Western powers turned up the heat on Damascus on Friday as tens of thousands of civilians in Syria’s battered rebel enclave of Eastern Ghouta awaited desperately needed aid.
More than 600 civilians have been killed in the enclave outside Damascus since Russia-backed regime forces launched an assault on February 18.
Eastern Ghouta’s 400,000 residents have lived under regime siege since 2013, facing severe food and medicine shortages even before the latest offensive.
As dozens of aid trucks remained unable to enter the enclave, the U.N. Human Rights Council postponed voting on a British resolution condemning the crisis in Eastern Ghouta, after member states failed to agree on a final text.
Violence has been tempered in the enclave since Russia on Tuesday began daily pauses in fighting — but air strikes continue to claim lives and a total ceasefire across Syria demanded by the U.N. has not come into effect.
The Telegraph commissioned a satellite image of Eastern Ghouta. This picture lays bear the brutal assault of the Damascus suburb. 90 per cent of rebel-held Jobar next to gov-held Qassaa is destroyed. It's a vision of hell https://t.co/bLG7ssWDKl pic.twitter.com/kgKhyjHSKl
— Josie Ensor (@Josiensor) March 2, 2018
The recent onslaught has shocked the international community and left medical staff in Eastern Ghouta struggling to cope.
On Friday, the United States, Germany and France upped the pressure on Damascus as last weekend’s U.N. Security Council vote for a ceasefire has failed to stop fighting.
U.S. President Donald J. Trump and German Chancellor Angela Merkel agreed in a phone call that the Syrian regime must be held accountable.
“This applies both to the Assad regime’s deployment of chemical weapons and for its attacks against civilians and the blockade of humanitarian support,” a German chancellery statement said.
Hiding in Cellars
Mr. Trump and French President Emmanuel Macron, meanwhile, vowed there would be “no impunity” in the event of further chemical weapons use in Syria.
Washington has asked the U.N. Security Council to set up a new inquiry into chemical weapons attacks in Syria after reports of suspected chlorine use in Eastern Ghouta, according to a draft resolution obtained by AFP on Thursday.
The Syrian government has denied using chemical weapons and Russia has questioned U.N. findings that it carried out sarin and chlorine attacks.
It was unclear when the U.S. proposal, or a separate Russian draft resolution, on the Syrian chemical inquiry would come to a vote.
On Friday, distrust ran high among civilians in Eastern Ghouta on the fourth day of a daily five-hour “humanitarian pause.”
The pause announced by Russia has lessened but not halted the deadly bombing, which has ripped through homes and reduced residential areas to grey rubble.
On Friday, 11 civilians were killed across Eastern Ghouta in air strikes and shelling before and after the truce, according to the Syrian Observatory for Human Rights monitoring group.
Embattled Syrian civilians have not left the enclave, despite a Russian offer of safe passage out during the daily halt in fighting.
“People are still in their cellars because they don’t feel safe,” a 24-year-old who gave his name as Mohammed told AFP in the devastated town of Hammuriyeh.
Damascus and Moscow accuse the armed opposition of preventing civilians from leaving.
In the main town of Douma, 25-year-old Malik Mohammad told AFP the daily pause had not brought any peace of mind to civilians.
“During the pause, the bombing continues for five hours outside Douma and as soon as it ends, it starts up again inside.”
Meagre Supplies
Early Friday, before the 07:00 GMT start of the pause, warplanes pounded areas including Douma and the town of Zamalka, the Syrian Observatory said.
Rockets fell on Douma and Harasta during the pause, the Britain-based war monitor said, as regime forces advanced on the southern outskirts of the enclave.
People in Eastern Ghouta are surviving on what little food they have, sometimes relying on meagre meals of rice and bread from charities, an AFP correspondent said.

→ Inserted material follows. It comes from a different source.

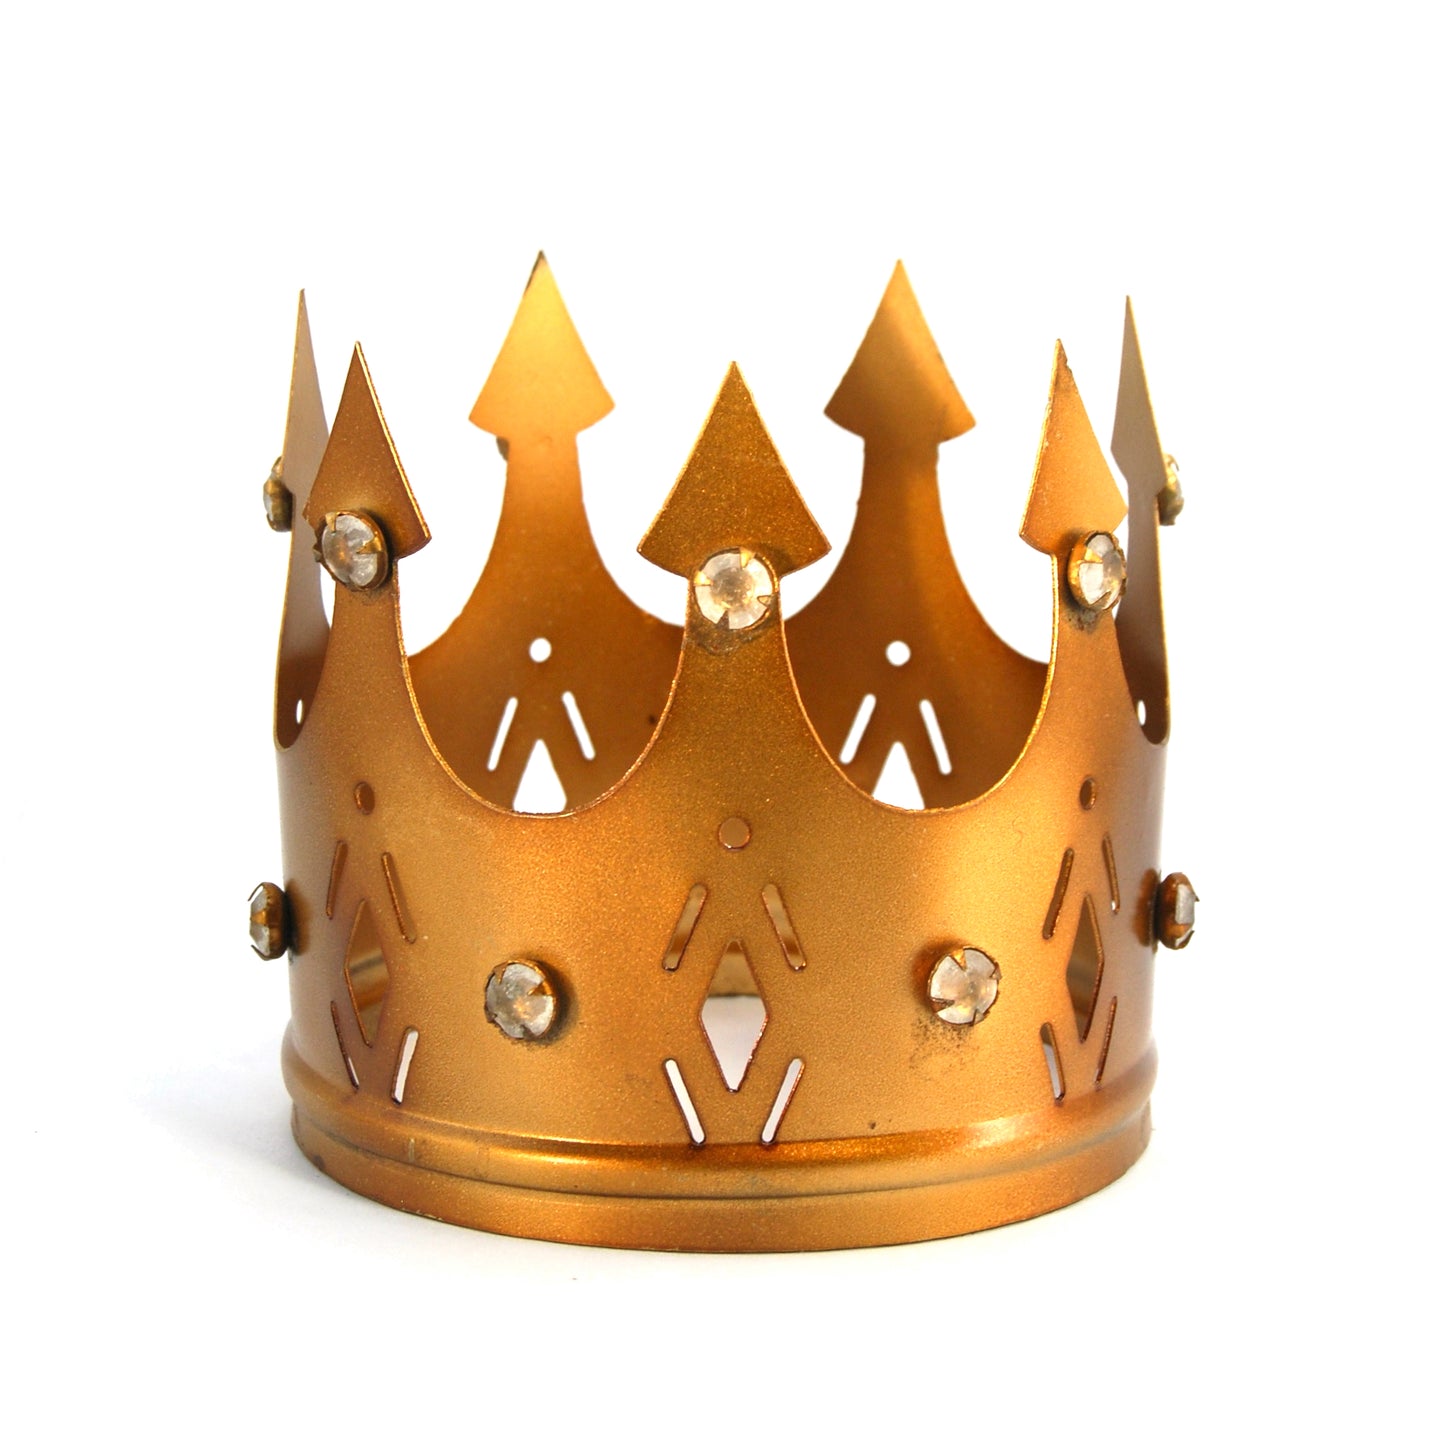 Jeweled Santos Crown in Antiqued Brass, Medium 4in

The price of rice and pasta has soared, as they become increasingly rare in shops. Those who grow food have been unable to visit their land due to the bombardment.

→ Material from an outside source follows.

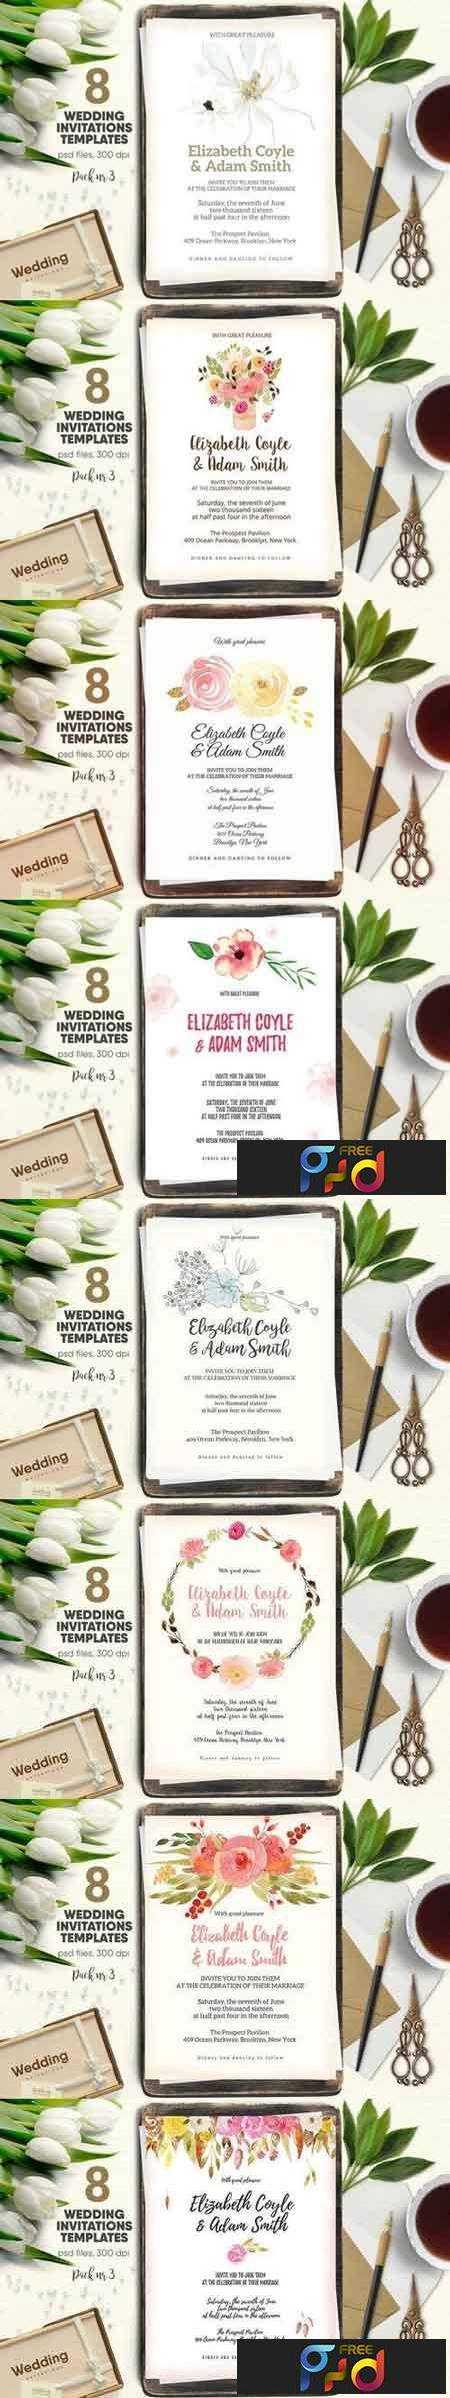 8 Wedding Invitations Pack 3

On Thursday, Jan Egeland, the head of the U.N.’s humanitarian taskforce for Syria, said he hoped aid convoys may be able to go to Eastern Ghouta “in the next few days.”
The only civilians known to have left Eastern Ghouta so far since the “humanitarian pause” took effect are an elderly Pakistani couple who were evacuated on Wednesday to Damascus.
More than 340,000 people have been killed and millions displaced since Syria’s civil war started in 2011 with the brutal repression of anti-government protests.
The war has since spiralled into a complex conflict involving foreign powers.
Since January, Turkey-led Syrian rebels have advanced steadily against Kurdish fighters in the northwestern Kurdish enclave of Afrin near the Turkish border.
On Thursday, Turkish air strikes killed three Kurdish fighters and 14 allied pro-regime fighters in Afrin, the Observatory said.